CREATE TABLE car_type_base_consumption (manufacturer VARCHAR(30), model VARCHAR(50), fuel_type VARCHAR(10), imperial_urban_cold REAL, imperial_extra_urban REAL);
INSERT INTO car_type_base_consumption VALUES('MORGAN MOTOR COMPANY','2000, From January 2011 onwards','Petrol',32.8, 46.3);
INSERT INTO car_type_base_consumption VALUES('CHEVROLET','Orlando, MY2013', 'Petrol', 34.4, 44.8);
INSERT INTO car_type_base_consumption VALUES('VOLKSWAGEN C.V.','California Motor Home', 'Diesel',29.7, 51.4);
INSERT INTO car_type_base_consumption VALUES('VOLKSWAGEN','Touareg', 'Diesel',28.5, 55.3);
INSERT INTO car_type_base_consumption VALUES('VOLKSWAGEN','Passat Saloon','Petrol',30.7, 49.5);
SELECT * FROM car_type_base_consumption;

Done.
Done.
1 rows affected.
1 rows affected.
1 rows affected.
1 rows affected.
1 rows affected.
5 rows affected.


manufacturer,model,fuel_type,imperial_urban_cold,imperial_extra_urban
MORGAN MOTOR COMPANY,"2000, From January 2011 onwards",Petrol,32.8,46.3
CHEVROLET,"Orlando, MY2013",Petrol,34.4,44.8
VOLKSWAGEN C.V.,California Motor Home,Diesel,29.7,51.4
VOLKSWAGEN,Touareg,Diesel,28.5,55.3
VOLKSWAGEN,Passat Saloon,Petrol,30.7,49.5


In a **natural join**, two tables must have at least one column in each with the same name and the same datatypes; the result will be an equality join applied to all of those matching columns.

In [40]:
%%sql
SELECT *
FROM car_type_combined_consumption NATURAL JOIN car_type_base_consumption;

5 rows affected.


manufacturer,model,fuel_type,imperial_combined,imperial_urban_cold,imperial_extra_urban
CHEVROLET,"Orlando, MY2013",Petrol,40.3,34.4,44.8
MORGAN MOTOR COMPANY,"2000, From January 2011 onwards",Petrol,40.3,32.8,46.3
VOLKSWAGEN,Passat Saloon,Petrol,40.4,30.7,49.5
VOLKSWAGEN,Touareg,Diesel,40.4,28.5,55.3
VOLKSWAGEN C.V.,California Motor Home,Diesel,40.4,29.7,51.4


You need to be careful of natural joins: firstly the equality applies to *all* the columns that have the same name and datatype, and secondly if someone adds or removes columns from one of the tables then the behaviour of the query with the natural join may change.

## Outer joins
The final major form of the join is the outer join - to handle cases when we would lose data if we simply accepted only the joined rows based on their filtering condition.

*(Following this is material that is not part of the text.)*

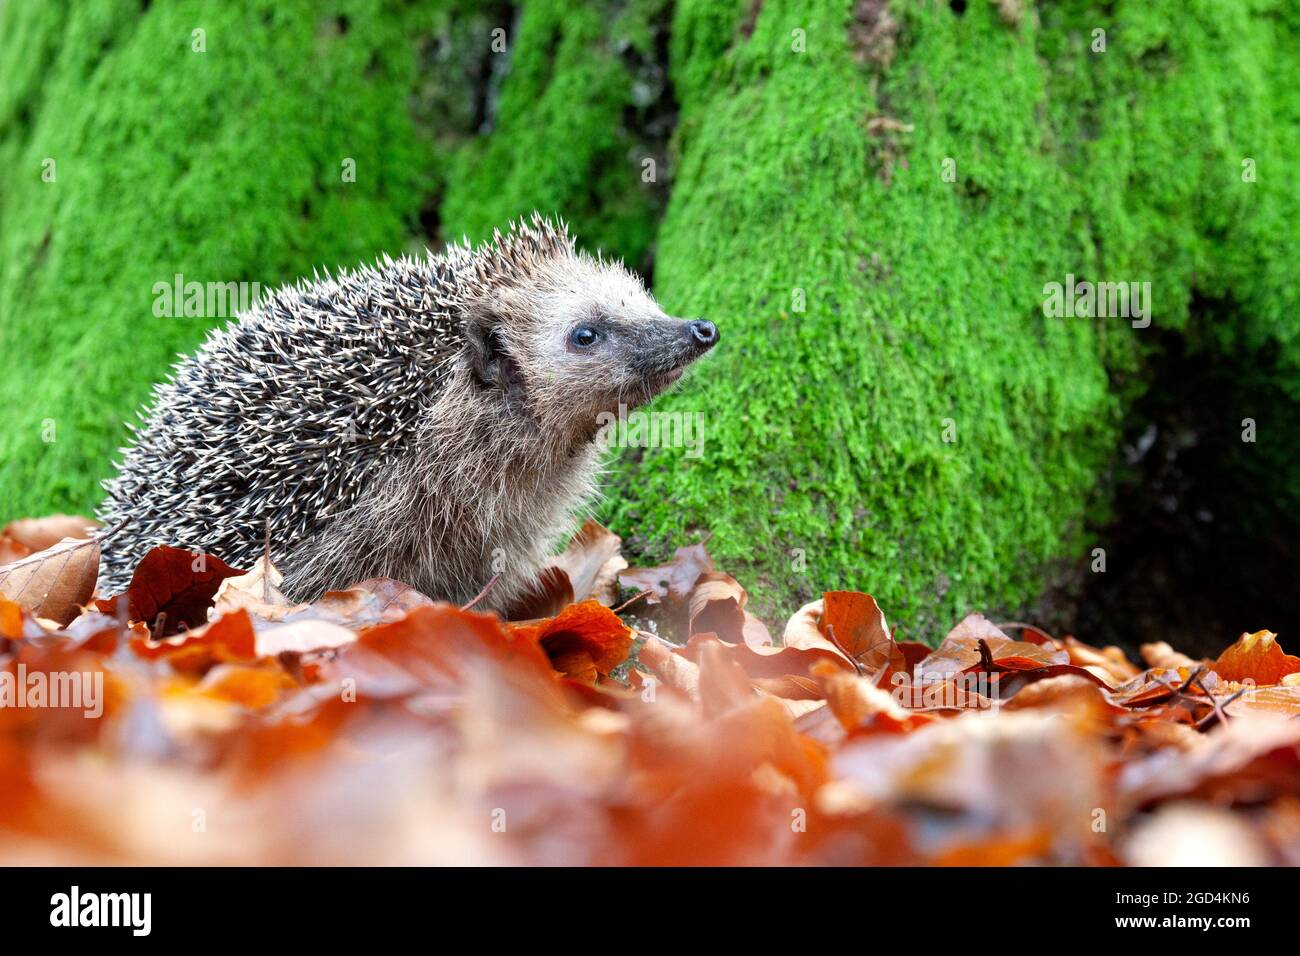 European Hedgehog (Erinaceus europaeus) perched between leaves near a tree in autumn Stock Photo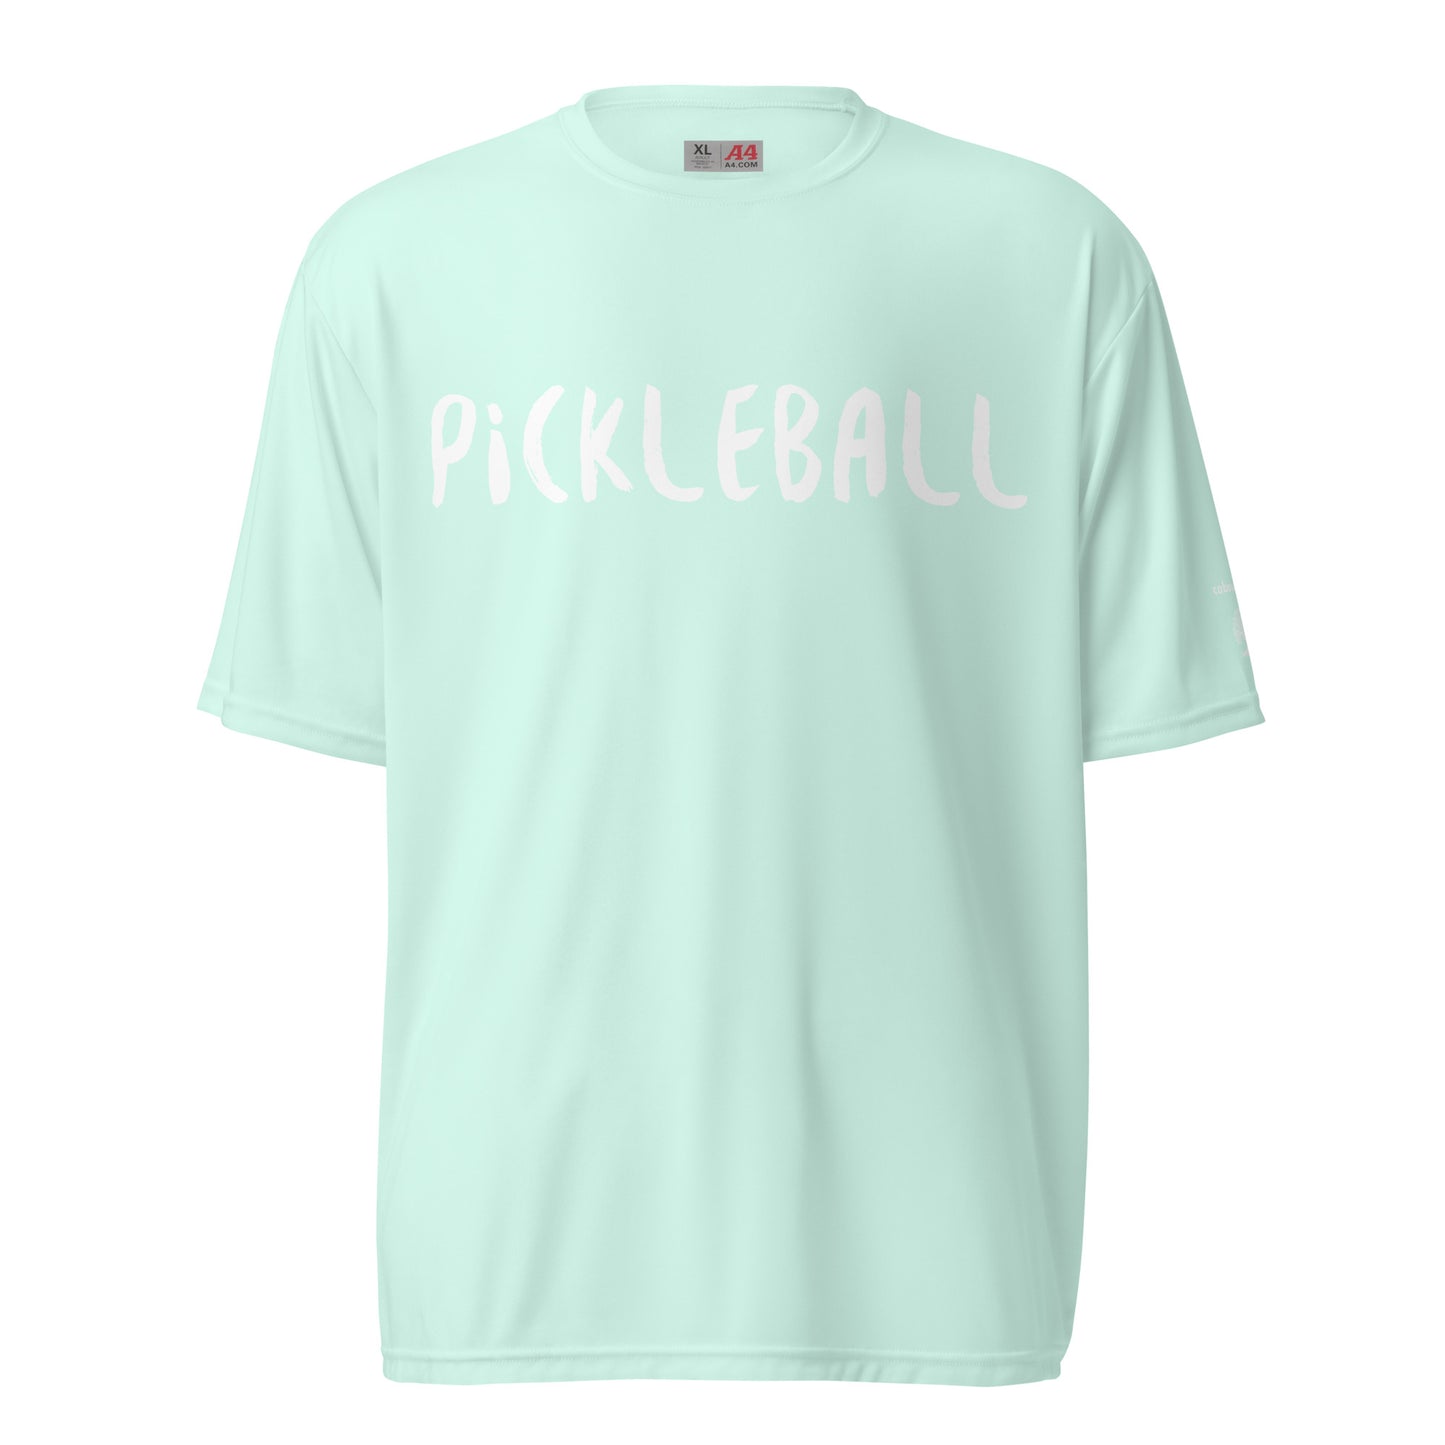 Unisex performance crew neck t-shirt - Pickleball

Look back at the join examples we've seen so far:

* the Cartesian product joined every row in one table with every row in the other 
* the other joins have generally been based around a condition (most often equality) between two tables in which values to be matched appeared in both tables. 

So, in the examples we've seen so far the result rows have always had values from rows taken from both tables.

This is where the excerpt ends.